However, if desired the address translation circuitry can be arranged to take into account other factors when determining the virtual machine based on the provided value of the virtual machine indication. For example, in one implementation the address translation circuitry may be arranged to determine the virtual machine associated with the virtual peripheral device issuing the request transfer with reference to both the virtual machine indication provided by the second address translation control field and the source indication value.

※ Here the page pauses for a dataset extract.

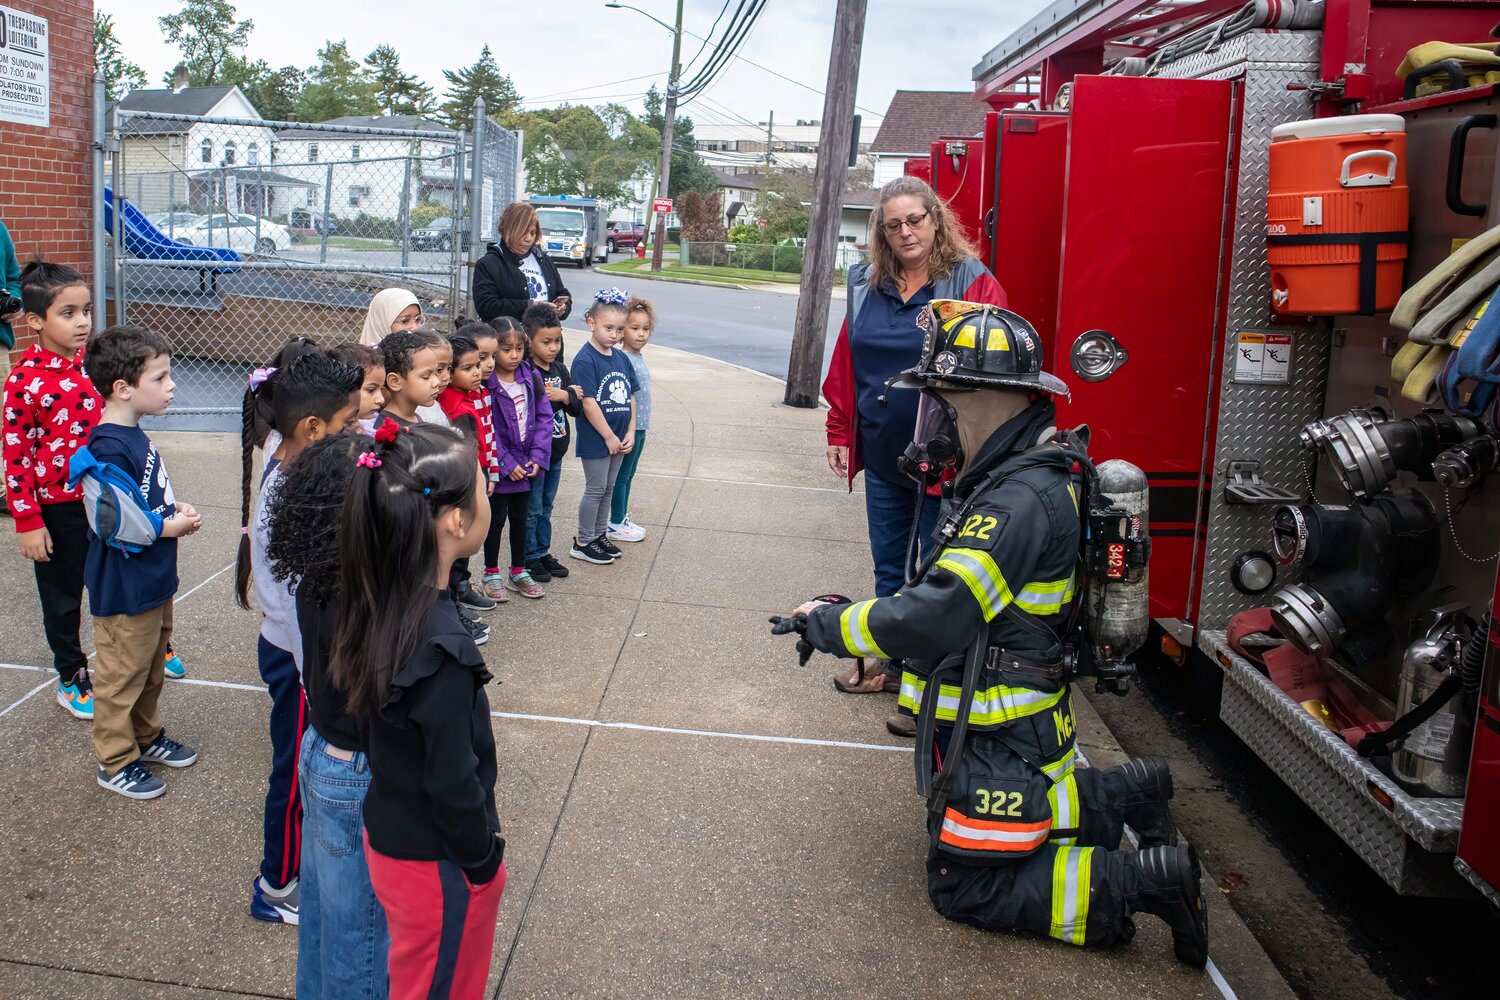 Brooklyn Avenue School students were treated to a visit by the Valley Stream Fire Department Fire Safety and Education Committee, alongside Ladder Company 2. Above, a uniformed firefighter explains the purpose of his equipment.

The manner in which the source indication value is used can vary dependent on implementation. For instance the way in which any particular value of virtual machine indication is interpreted may be dependent on the source indication value. By way of illustrative example, if the source indication value can be either 1 or 2, and there are four virtual machines A to D, the way in which the value of the virtual machine indication is mapped to a particular virtual machine may be dependent on the source indication value. For example, virtual machine indication values of 0 or 1 may be determined to correspond to virtual machines A and B, respectively, when the source indication value is 1, but those same values of virtual machine indication may instead be mapped to virtual machines B and C, respectively, if the source indication value is 2.

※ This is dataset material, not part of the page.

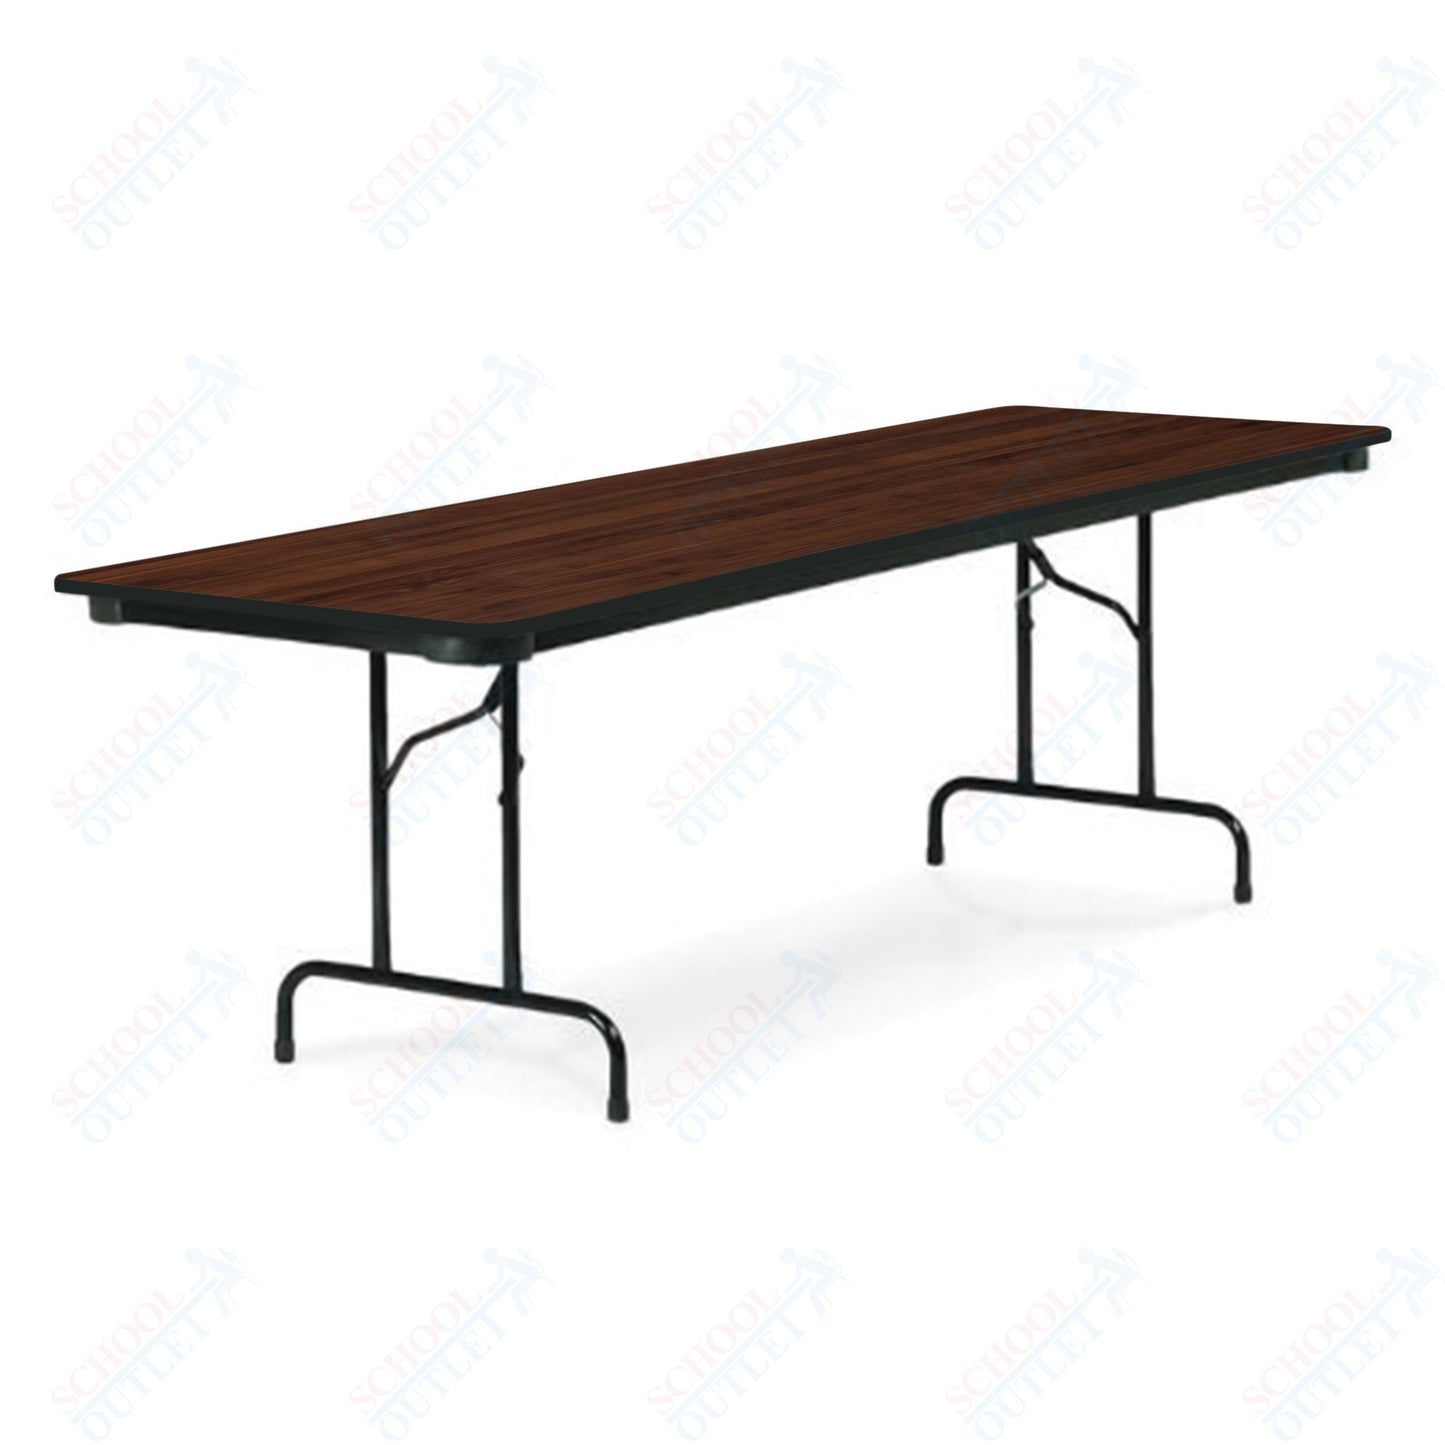 Virco 602448 - 6000 series 3/4" thick particle board folding table 24" x 48"

As another example of how the source indication value can be used to influence the determination of the virtual machine from the virtual machine indication, the address translation circuitry may be arranged to employ a subset of values of the source indication value, in combination with virtual machine indication, to determine the virtual machine associated with the virtual peripheral device issuing the request transfer. Hence, in this example, whilst the virtual machine indication provides part of the information required to identify the virtual machine, another part of the information required can be determined from the source indication value. Such an approach could, for example, allow the size of the second address translation control field to be reduced relative to an implementation where all of the required information to identify the virtual machine is instead provided within the second address translation control field. However, such an approach may constrain the flexibility in the way in which the bits of the source indication value could otherwise be used by the peripheral device.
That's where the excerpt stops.